* RAW DATA *
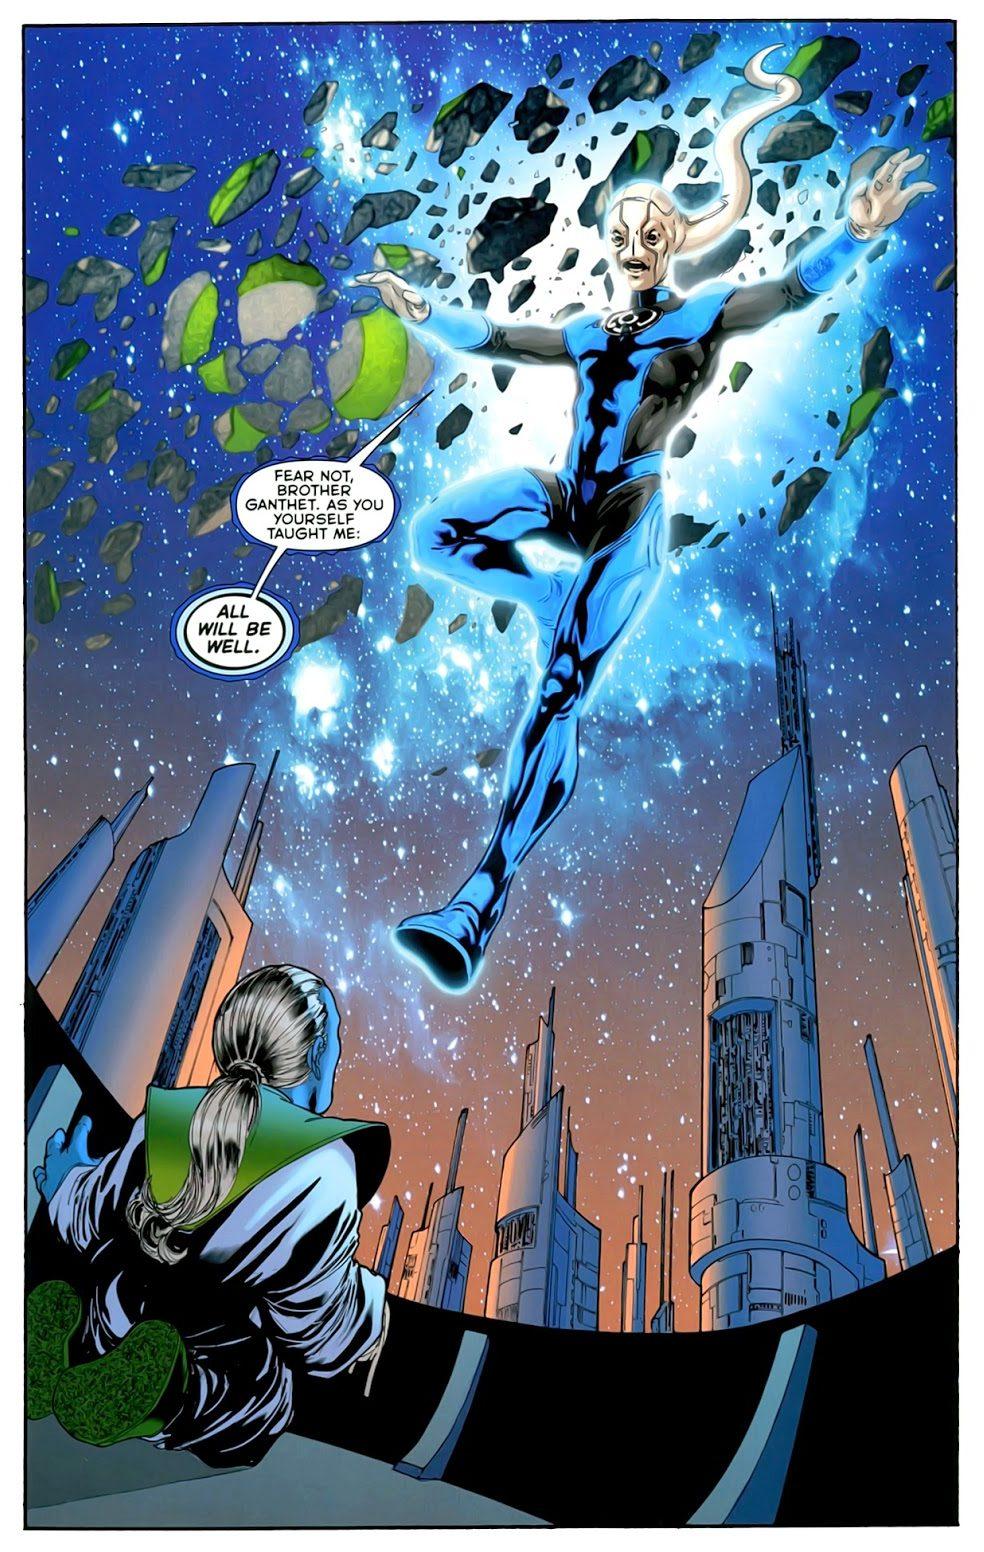 Blue Lantern Saint Walker (War of the Green Lanterns Aftermath #1)
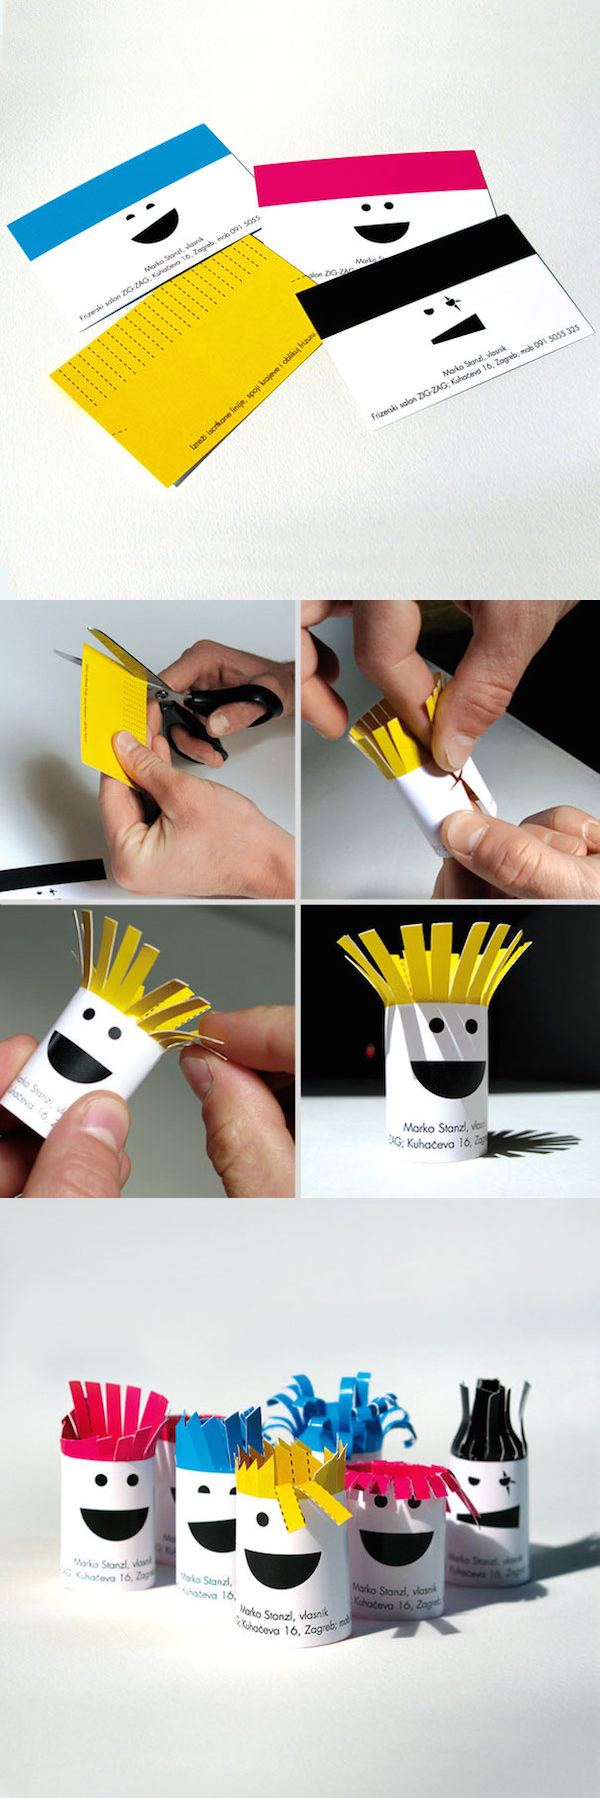 Creative Unique Business Card Design Inspiration - 19
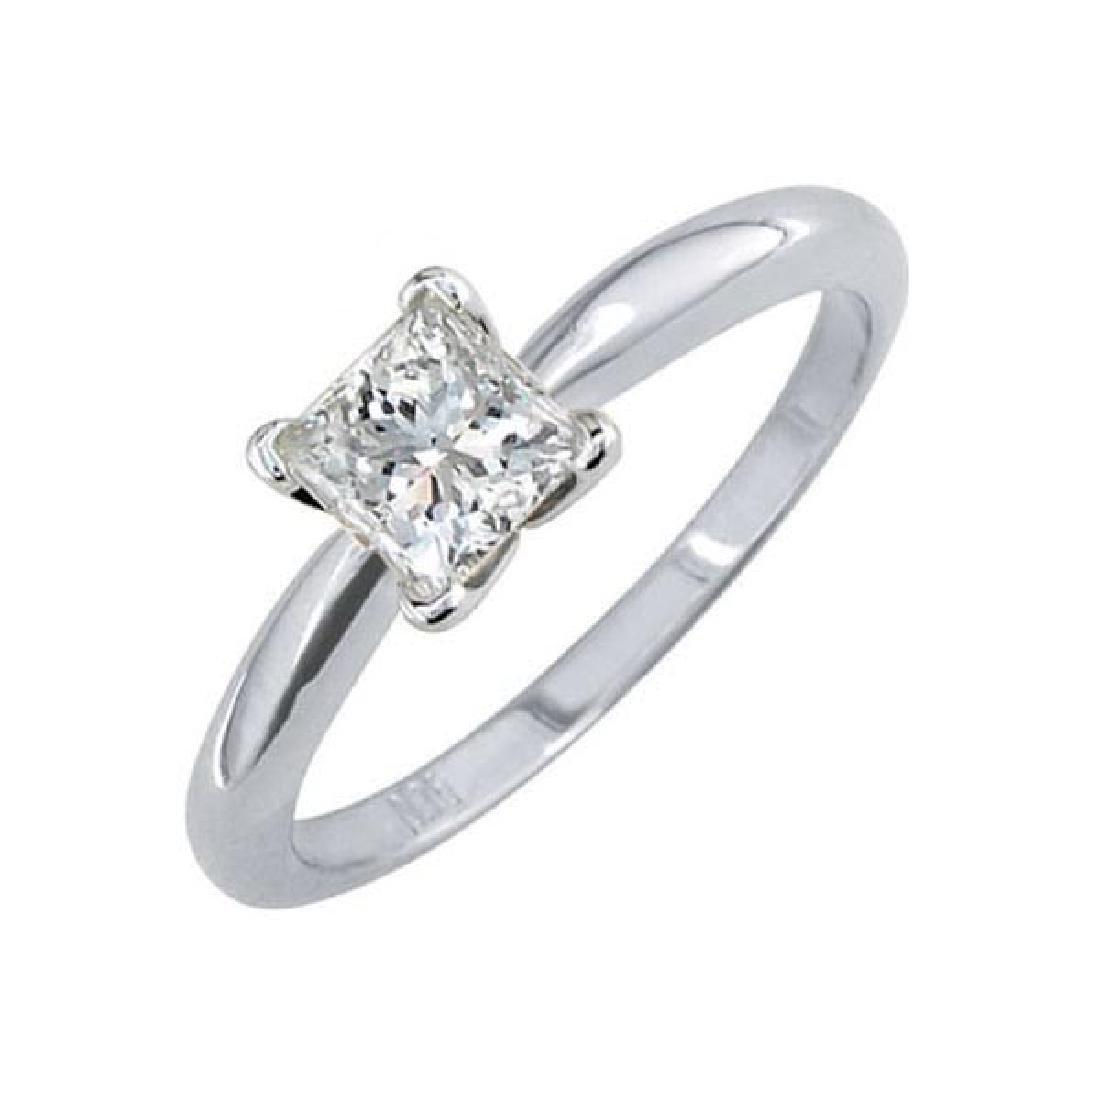 Certified 0.63 CTW Princess Diamond Solitaire 14k Ring
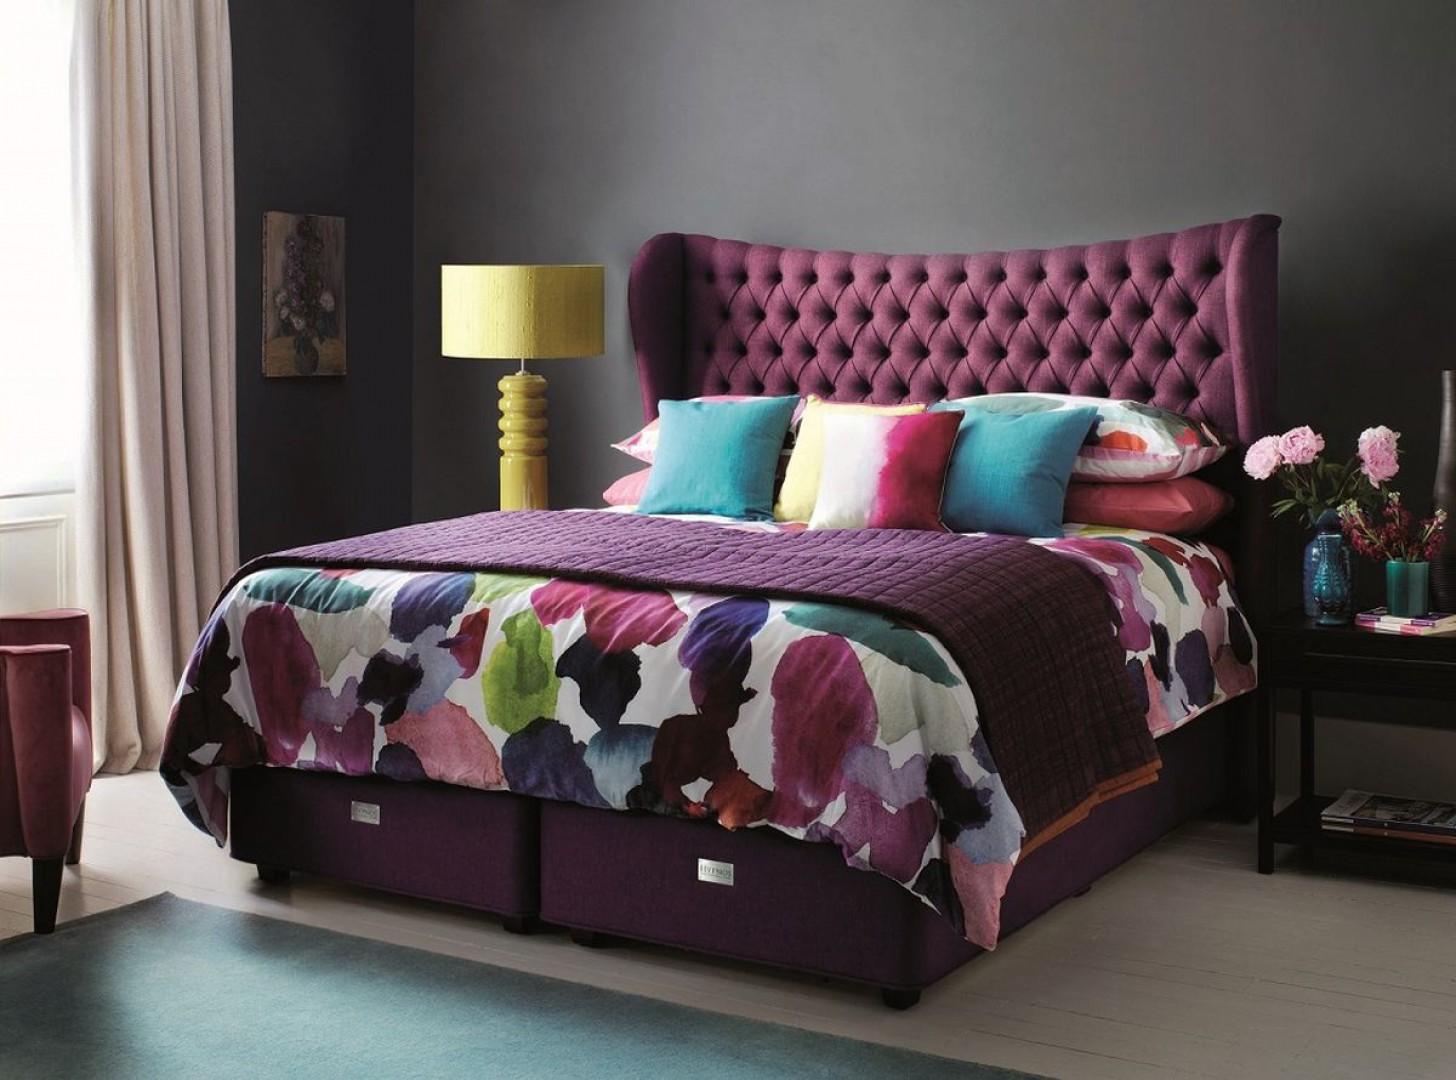 Fot. Hypnos Beds

* WHAT THE TASK REQUIRES *
Please ensure that the data above is repeated exactly, with no pictures in the copy.

* OUTPUT *
 Blue Lantern Saint Walker (War of the Green Lanterns Aftermath #1)
 Creative Unique Business Card Design Inspiration - 19
 Certified 0.63 CTW Princess Diamond Solitaire 14k Ring
 Fot. Hypnos Beds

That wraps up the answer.